100.0% of residents lived in urban areas, while 0.0% lived in rural areas.

There were 11,414 households in Glendale Heights, including 8,293 families. Of all households, 35.5% had children under the age of 18 living in them. About 49.4% were married-couple households, 18.9% had a male householder and no spouse or partner present, and 24.7% had a female householder and no spouse or partner present. About 23.5% of all households were made up of individuals, and 6.4% had someone living alone who was 65 years of age or older.

There were 11,874 housing units; 3.9% were vacant. The homeowner vacancy rate was 1.1%, and the rental vacancy rate was 5.8%. The population density was 6,003.62 PD/sqmi, and housing density was 2,148.75 /sqmi.

===Income and poverty===

The median income for a household in the village was $70,034, and the median income for a family was $71,226. Males had a median income of $42,911 versus $30,974 for females. The per capita income for the village was $29,225. About 8.3% of families and 9.9% of the population were below the poverty line, including 18.4% of those under age 18 and 3.7% of those age 65 or over.
==Economy==
According to Glendale Height's 2022 Comprehensive Annual Financial Report, the top employers in the city are:

| # | Employer | # of Employees |
|---|---|---|
| 1 | Spraying Systems Co. | 1,000 |
| 2 | Cornelius, Inc. | 500 |
| 3 | Kronos Food Inc. | 400 |
| 4 | Super Target | 204 |
| 5 | Jewel Osco | 200 |

==Schools==
Glendale Heights has three school districts: 15, 16 and 41. All of these districts are K–8 and feed into Glenbard Township district 87. Though there are three school districts, there is only one library district: the Glenside Public Library District.

Queen Bee District 16

District 16 has two schools: Glen Hill and Pheasant Ridge that are K–3. Americana is for 4th and 5th grades. The middle school's name is Glenside and used to be referred to as a junior high. District 16's namesake school, Queen Bee, is no longer used as an elementary school. The building is still standing on Bloomingdale Road and used for other purposes. District 16 students are split between Glenbard North and Glenbard West for high school.

Marquardt District 15

Marquardt School District 15 has four elementary schools: G. Stanley Hall School, Winnebago School, Blackhawk School, and Charles G. Reskin School. The middle school, Marquardt, is the district's school. Marquardt has a separate building for the sixth grade students, and another for 7th and 8th grade students. District 15 serves the eastern part of Glendale Heights, parts of Addison, southern section of Bloomingdale, unincorporated Lombard, and the northern part of Glen Ellyn Countryside. Winnebago school has a Bloomingdale address, but sits very close to the Glendale Heights border. District 15 feeds primarily into Glenbard East High School.
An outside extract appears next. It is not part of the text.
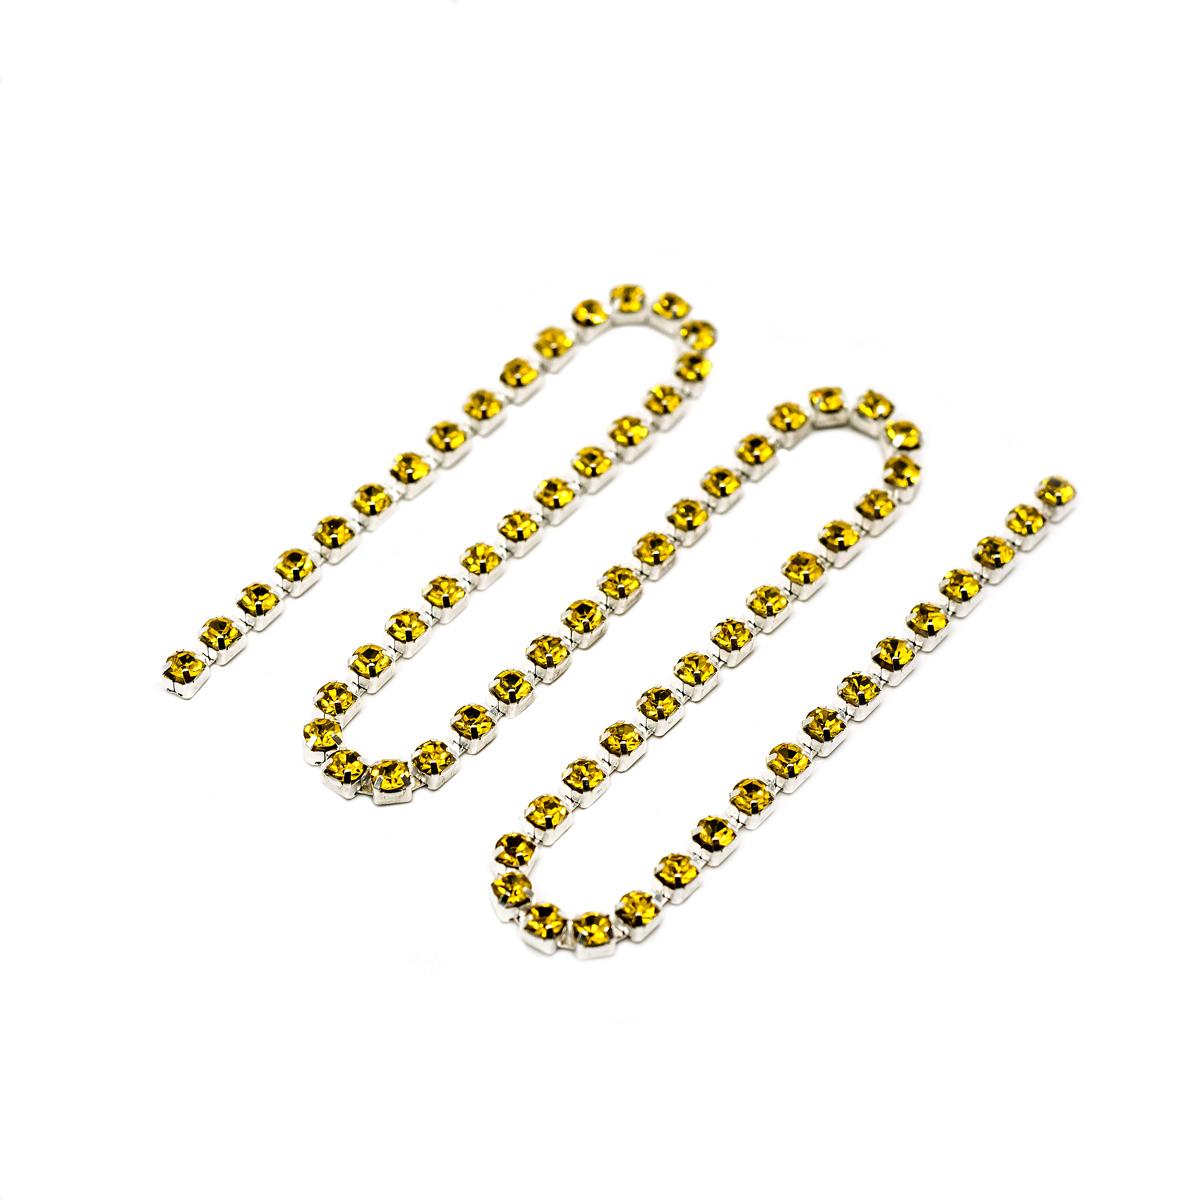 ЦС008СЦ3 Стразовые цепочки (серебро), цвет: желтый, размер 3 мм, 30 см/упак.

Glen Ellyn School District 41

District 41 has four elementary schools: Abraham Lincoln, Benjamin Franklin, Churchill and Forest Glen. Students that live in Glendale Heights within the boundaries of District 41 attend Abraham Lincoln. Hadley Junior High is the fifth school, and it is a separate facility for students enrolled sixth, seventh and eighth grades. District 41 serves parts of Carol Stream, Glendale Heights, Glen Ellyn, Lombard and Wheaton. Students that live in Glendale Heights within the boundaries of District 41 feed into Glenbard West High School.

==Transportation==
Pace provides bus service on Routes 711 and 715 connecting Glendale Heights to Wheaton and other destinations.

==Notable people==

- Billy Corgan, guitarist and singer of the Smashing Pumpkins, grew up in Glendale Heights.
- Jeremy Hammond, political activist, hacktivist, and anarchist, born and grew up in Glendale Heights.